How did you stop Yoyo'ing?

EricMurano
EricMurano Posts: 825 Member
edited November 20 in Getting Started
Hi Guys,

I've successfully used MFP to lose weight before and I've given other people advice on how to do the same thing in the past but now I feel like I'm in a slump that I can't get out of.

I feel like I can't break out of this binge/over eating obsession that I have right now. I give up on calorie counting before noon every day and I secretly eat. I am getting back into my running and weight lifting routine, though, but I am definitely out-eating the calories burned.

Has anyone else been in this situation where you've successfully lost weight before yet can't seem to get back into it? I feel like this is really just a mental problem and that I need someone to slap me across the head and tell me to snap out of it!

Replies

  • Soopatt
    Soopatt Posts: 563 Member
    I think about this often. There are a ton of people on this site that are clearly very good at losing weight, but whether they are equally good at keeping it off is more difficult to answer and the success threads provide no evidence one way or the other.

    I have seen a handful of people who have been able to maintain their goal weight for six years or more and those are the ones who are truly able to say "I have mastered this" (in the moment, ten years from now?). For the rest of us, if you have lost 100 pounds or 20 pounds, if you can't keep it off, you are still struggling - you still have a *weight problem*. I have lost a small amount of weight several times and I maintained my weight for a decade, until recently. I now think there is no arrival point. We will be fighting this for life, if we don't we will be back to point A in no time.
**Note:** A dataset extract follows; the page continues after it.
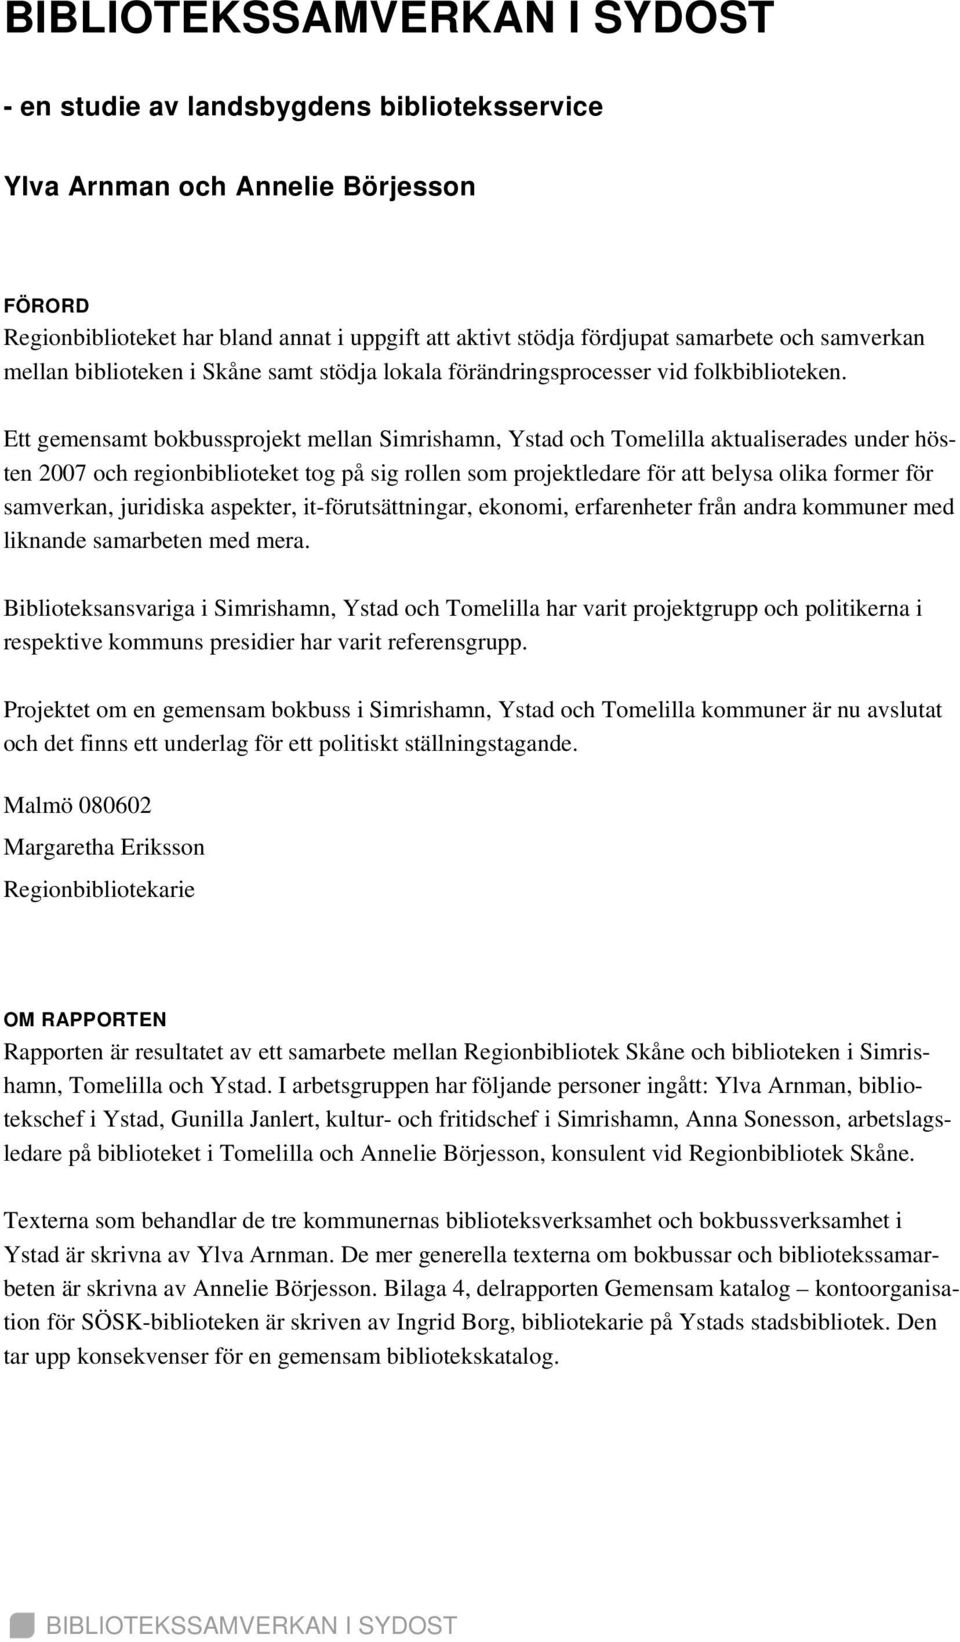 Ett gemensamt bokbussprojekt mellan Simrishamn, Ystad och Tomelilla aktualiserades under hösten 2007 och regionbiblioteket tog på sig rollen som projektledare för att belysa olika former för
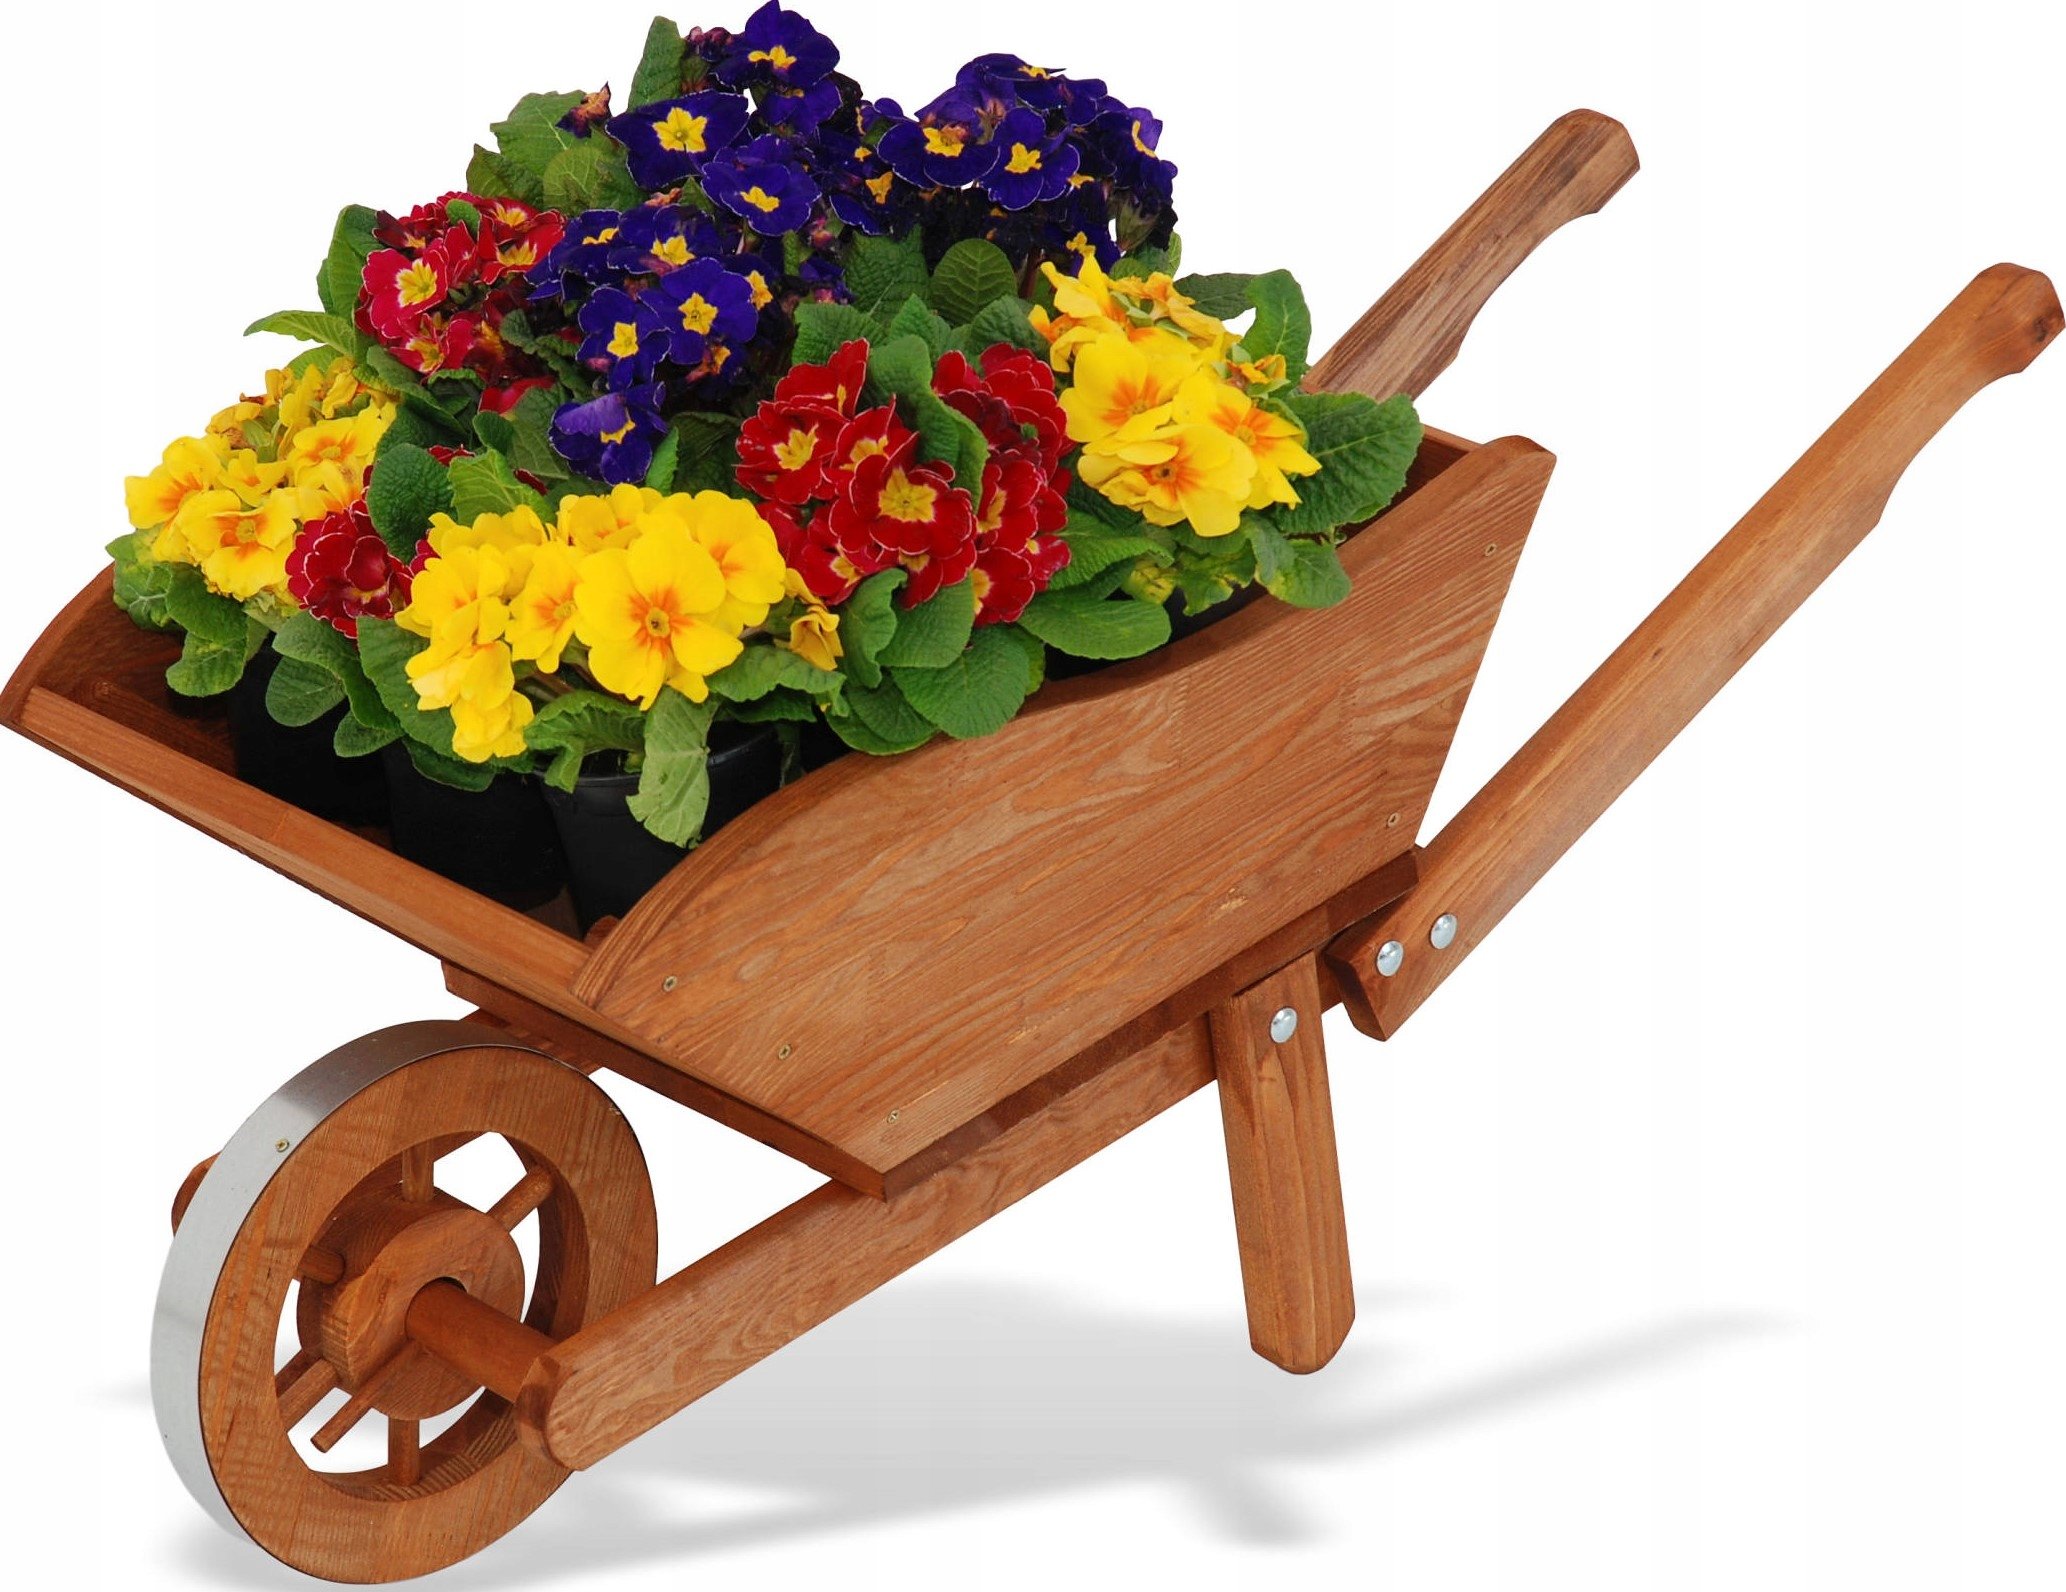 Купить деревянную телегу. Телега декоративная для сада. Тачка декоративная для сада. Телега клумба для цветов. Деревянные цветочницы для сада.

    I couldn't say the reasons you are sabotaging yourself, only you can answer that, but you do sound pretty angry with yourself. Maybe you need to start by forgiving yourself for things not done and things eaten and just get back on the bike. Beating yourself up does not help.
  • WBB55
    WBB55 Posts: 4,131 Member
    What are you feeding with your binges?

    A particular taste craving? Loneliness? Frustration? Is food your coping mechanism for stress?

    If I crave salt, I don't NEED an entire bag of potato chips to satisfy it. If I'm lonely, a pint of rocky road isn't going to solve anything long term. I don't mean to be new age here, but a habit of self awareness (and eventually mindfulness/meditation) has helped me identify the actual individual issue I was feeding with my binges.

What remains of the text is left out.